[Recorded information Boundary: Start]

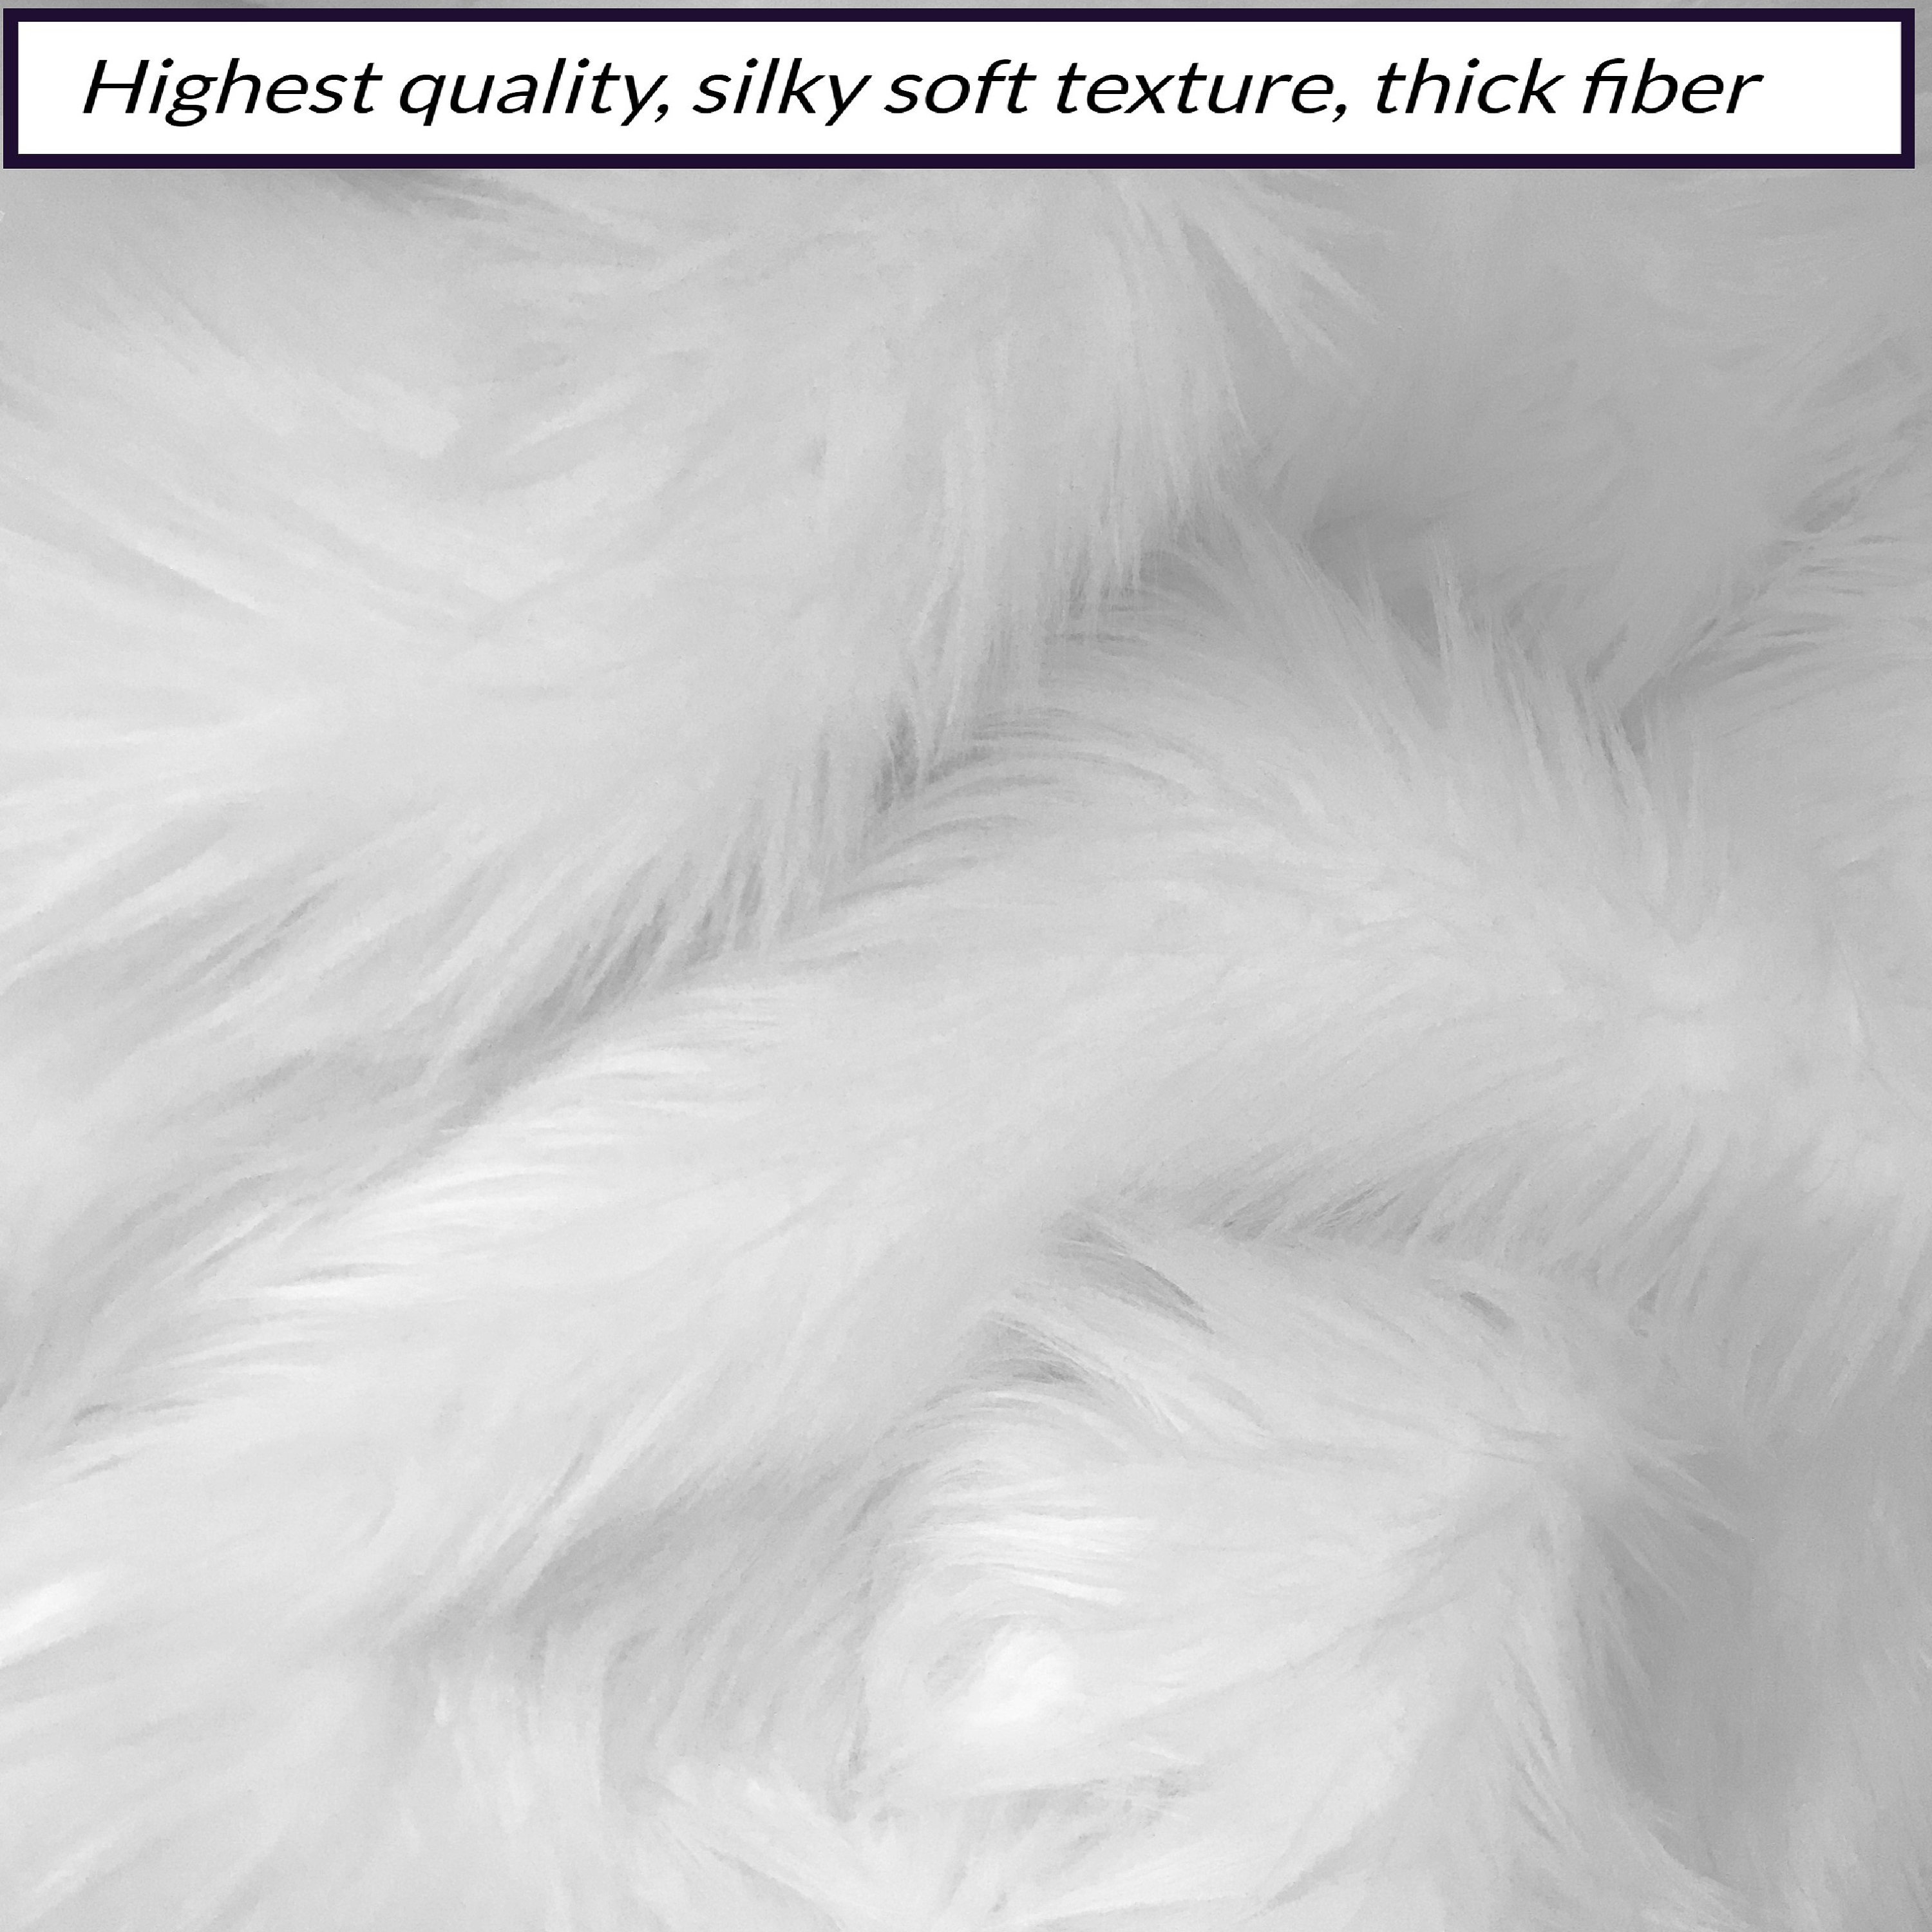 Faux Fur Fabric Ultra Soft Deluxe Plush Shaggy Squares Craft Bianna Creations Royal Blue, 8x8 inches Props Decoration Costumes Sewing 
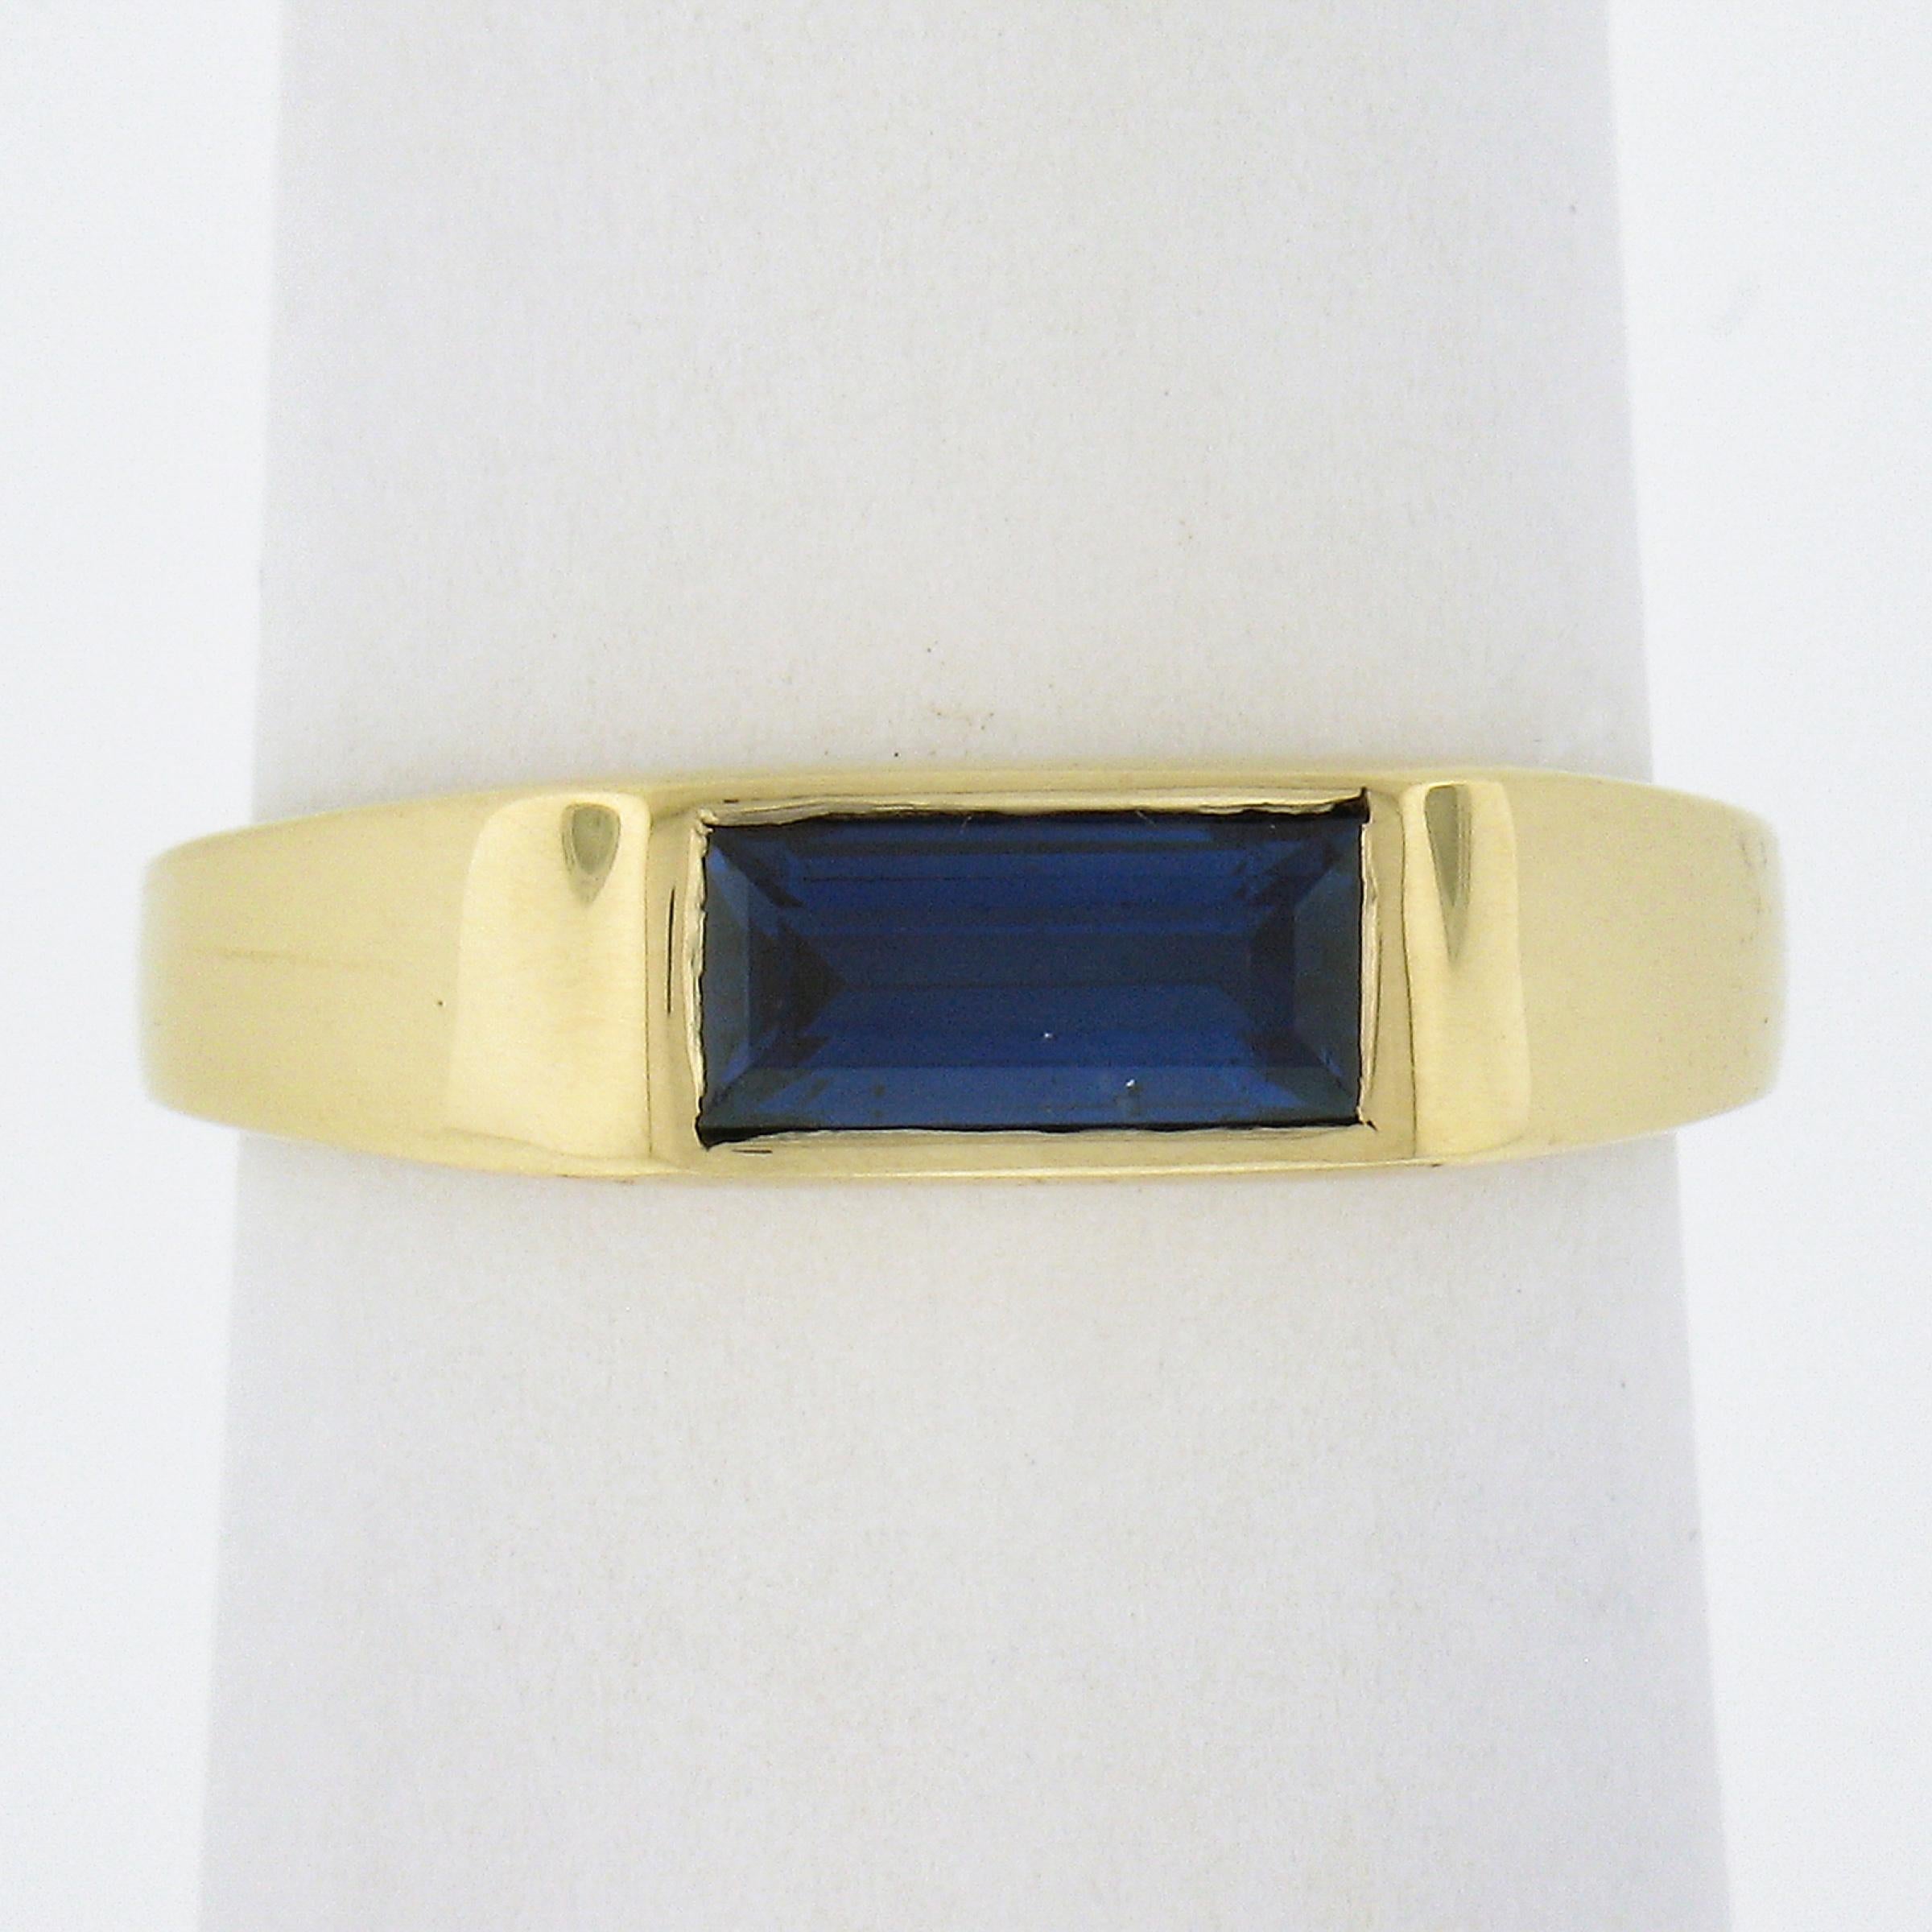 --Stone(s):--
(1) Natural Genuine Sapphire - Rectangular Step Cut - Bezel Set - Blue Color - 0.88ct (exact - certified) - VERY NICE CLEAN COLOR - NO HEAT
** See Certification Details Below for Complete Info **

Material: Solid 18k Yellow

[Recorded information Boundary: End]

*Your assignment*: Please print the records above word for word, leaving every image out.

*Solution to the problem*:
 Faux Fur Fabric Ultra Soft Deluxe Plush Shaggy Squares Craft Bianna Creations Royal Blue, 8x8 inches Props Decoration Costumes Sewing 
 --Stone(s):--
(1) Natural Genuine Sapphire - Rectangular Step Cut - Bezel Set - Blue Color - 0.88ct (exact - certified) - VERY NICE CLEAN COLOR - NO HEAT
** See Certification Details Below for Complete Info **

Material: Solid 18k Yellow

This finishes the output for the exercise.